Ichabod felt the scream fighting to break loose again from the deepest part of his soul. Perhaps that was why he had such a burning pain in his lungs? The scream was scorching everything it touched as it passed – branding him the way her love had – the mark a testament to her indomitable spirit and singular strength of character. It claimed him as hers and hers alone and he would accept it proudly. Was it not the least he could do considering all she had sacrificed in his name?

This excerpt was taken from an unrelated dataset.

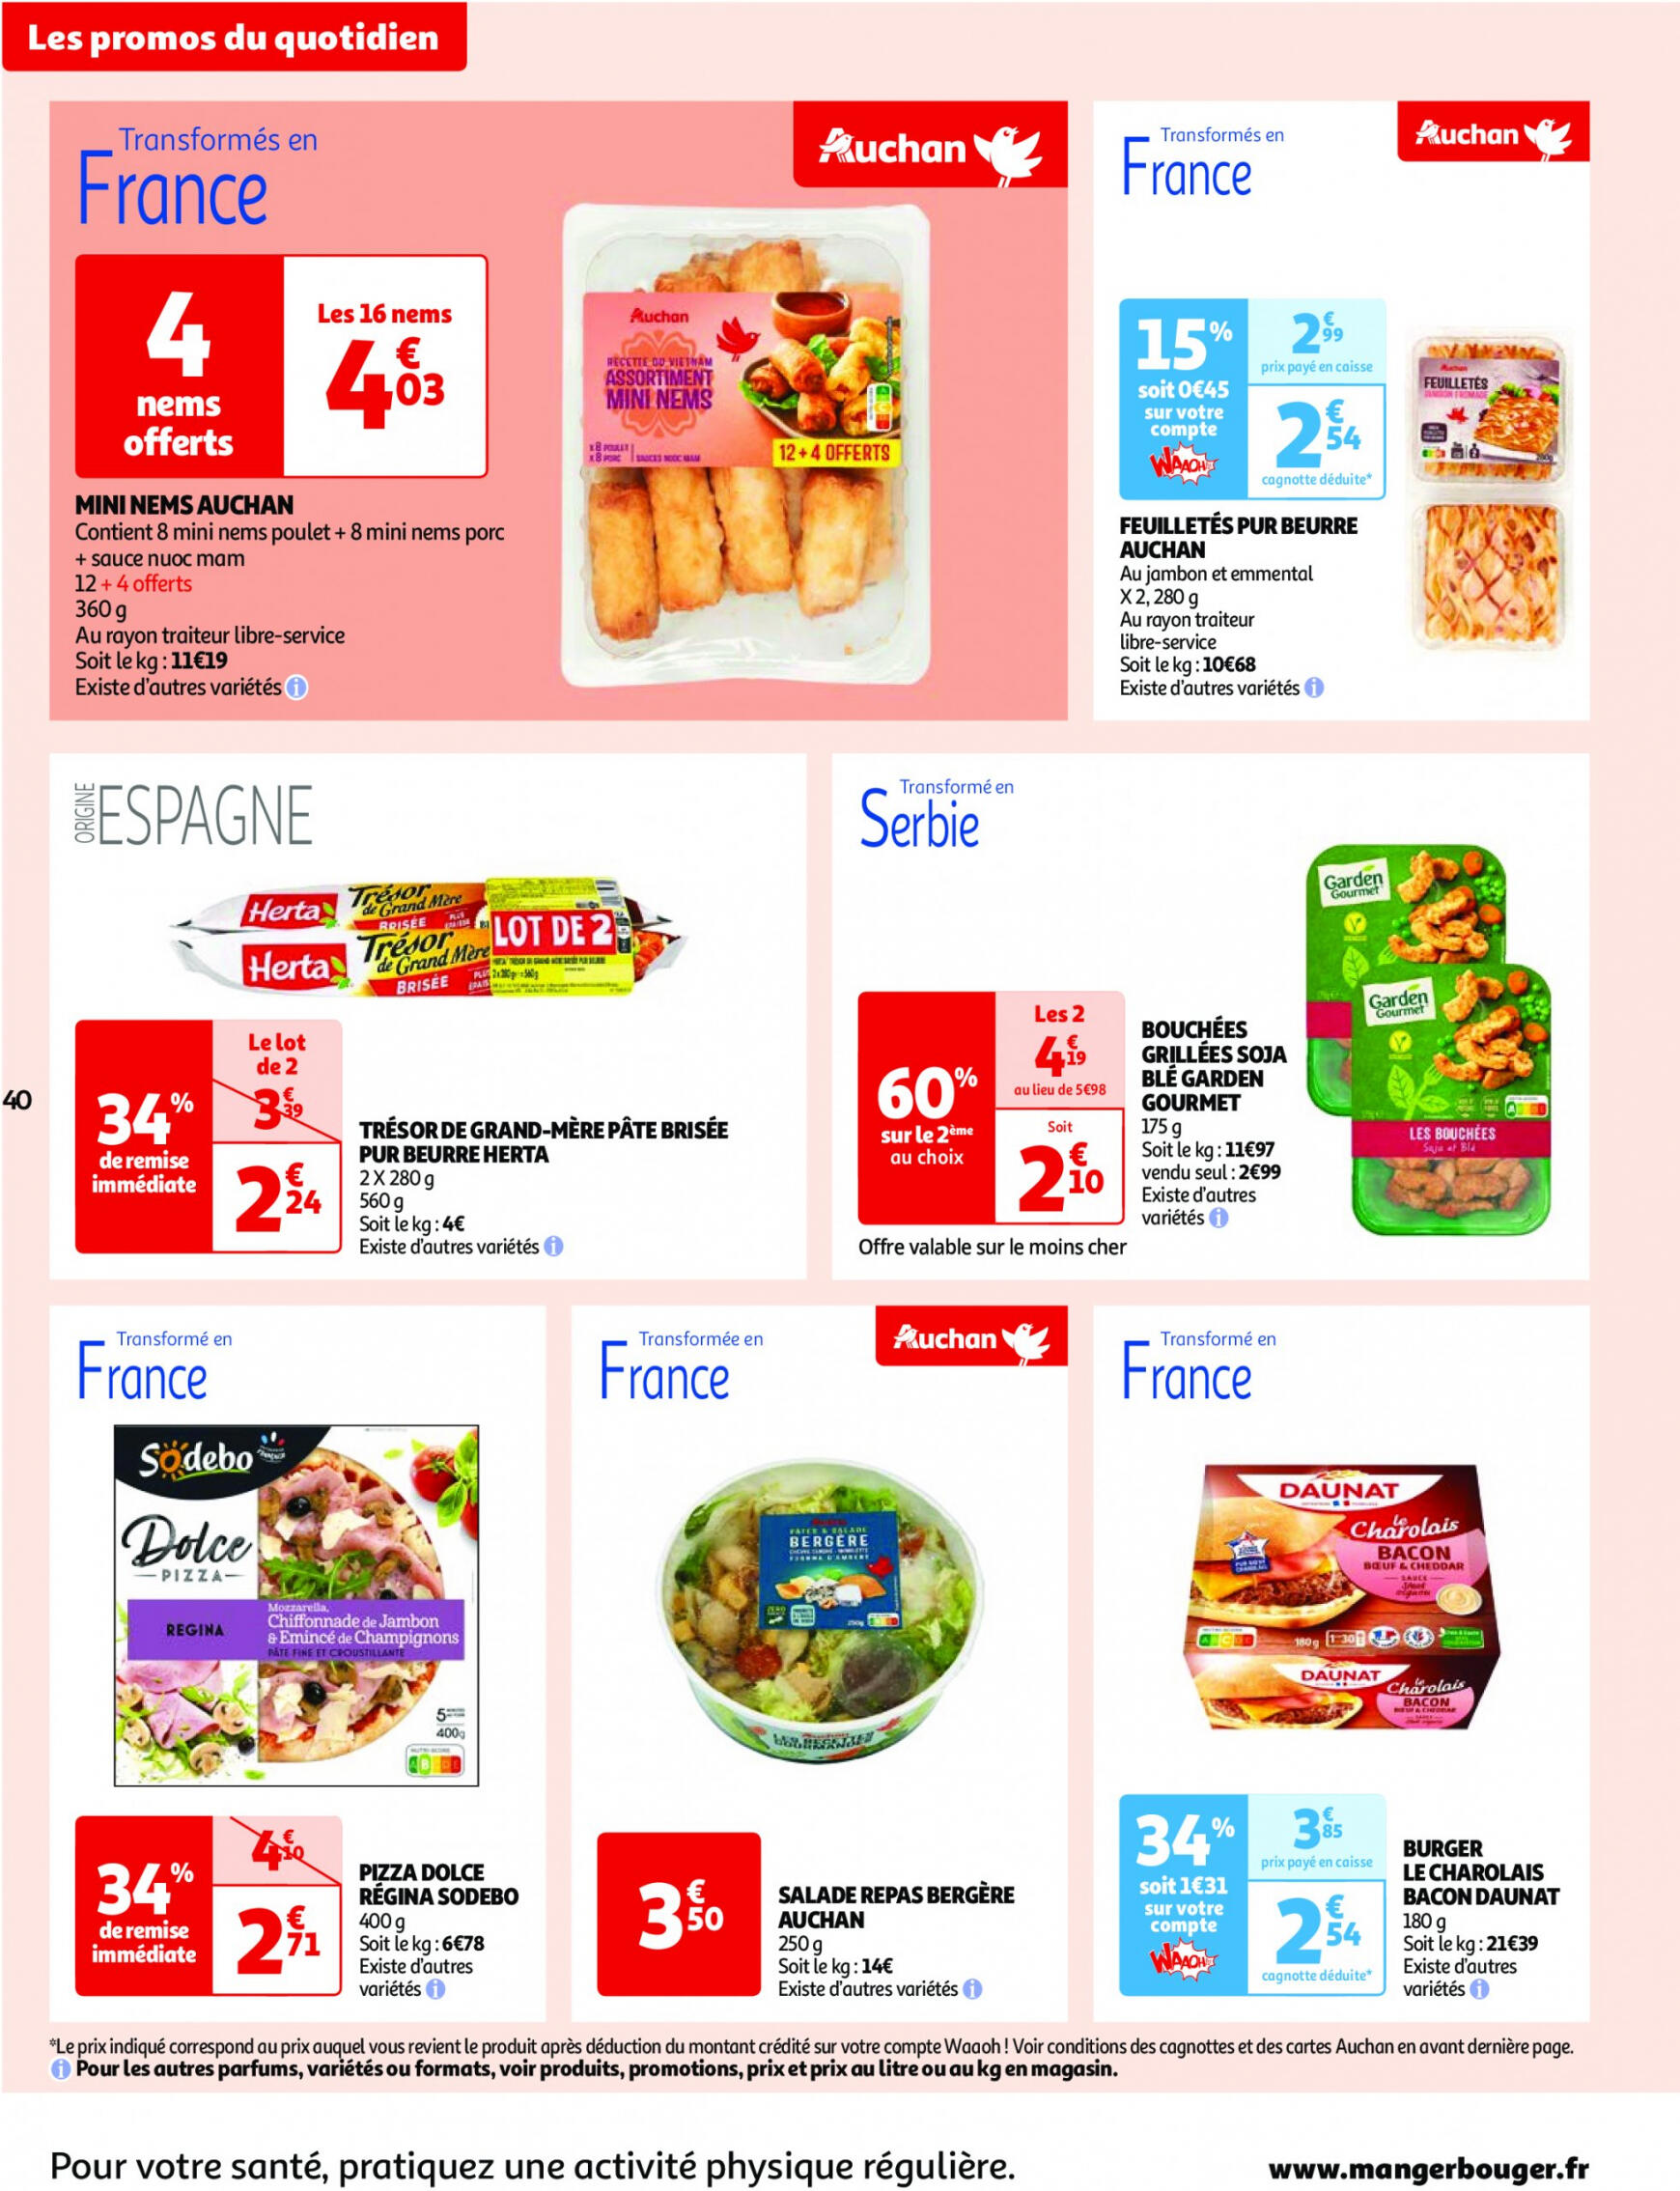 auchan - Prospectus Auchan actuel 30.04. - 06.05. - page: 40
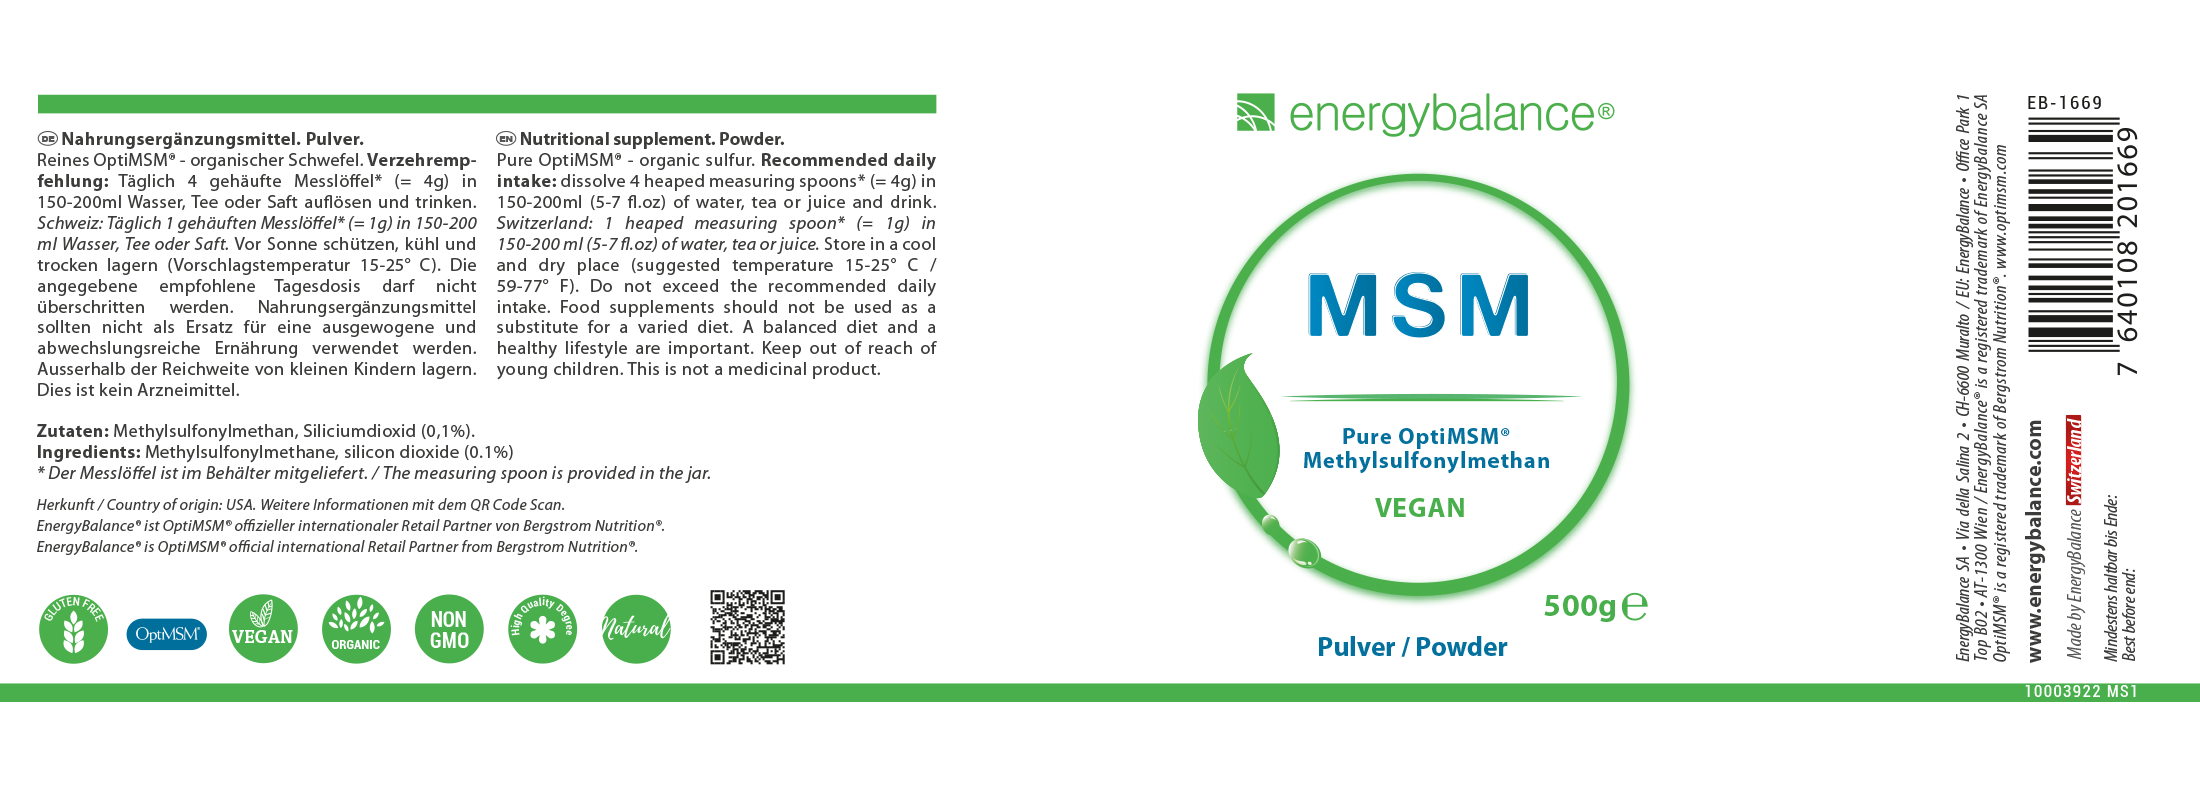 MSM Etikett von Energybalance

He tried to take another breath, but found it nearly impossible. There was just no more air to be had wherever he was. He wondered if this erased void where everything and nothing existed at once was God's final decision on his punishment for his betrayal of Abbie. Possibly, this was his own personal Purgatory: alone and held still in the horrible presence of his sin. The fact did not frighten him, though he supposed it should have. All Ichabod could think about was that Abbie was gone and he would never see her again, never touch her again, never see her smile. If that were true, what did it matter what happened to him now? The only thing that pained him was that Abbie had made her sacrifice in vain, because he was not to survive the coffin after all. He had never even made it out of Purgatory. Instead, God had simply been expertly cruel and put him in his own hell: existence separate from Abbie Mills.

His breath hitched in his chest and he gasped, barely able to get any air at all. Distantly, absently, he thought he heard a thumping and scraping sound, but he paid it no mind. It was likely his own heart banging against his chest as it lurched frantically to its inevitable crescendo.

Ichabod closed his eyes since there was nothing to see anyway and the Lieutenant's face drifted into focus in his mind. His eidetic memory showed him every detail of her face: the lines of her lips, arches of her brows and the affection that shone in her russet eyes when she gazed upon him. He was grateful that God had not taken that from him, at least. He felt, too, that small part of her that he now carried, curled deep inside. Though that small fragment gave him some comfort, it broke his heart anew, as well, because it was a piece longing for its whole. It whispered her name like a prayer given up to the heavens and although meant to give him strength, it now dealt him a crushing blow. Ichabod felt her absence like a knife's blade and knew that even if he had survived the coffin, he would not have been able to live with the torment of living without Abbie. With every passing moment, that pain chipped away at his heart and soul and made him realize that he was now part of a whole – separated eternally from that which it belonged – and he would forever be incomplete.

With the last few breaths in his body and until his heart was silent, he said aloud over and over the only truth of which he was still certain.

"I love you, Abbie. I love you, Abbie. I love you, Abbie."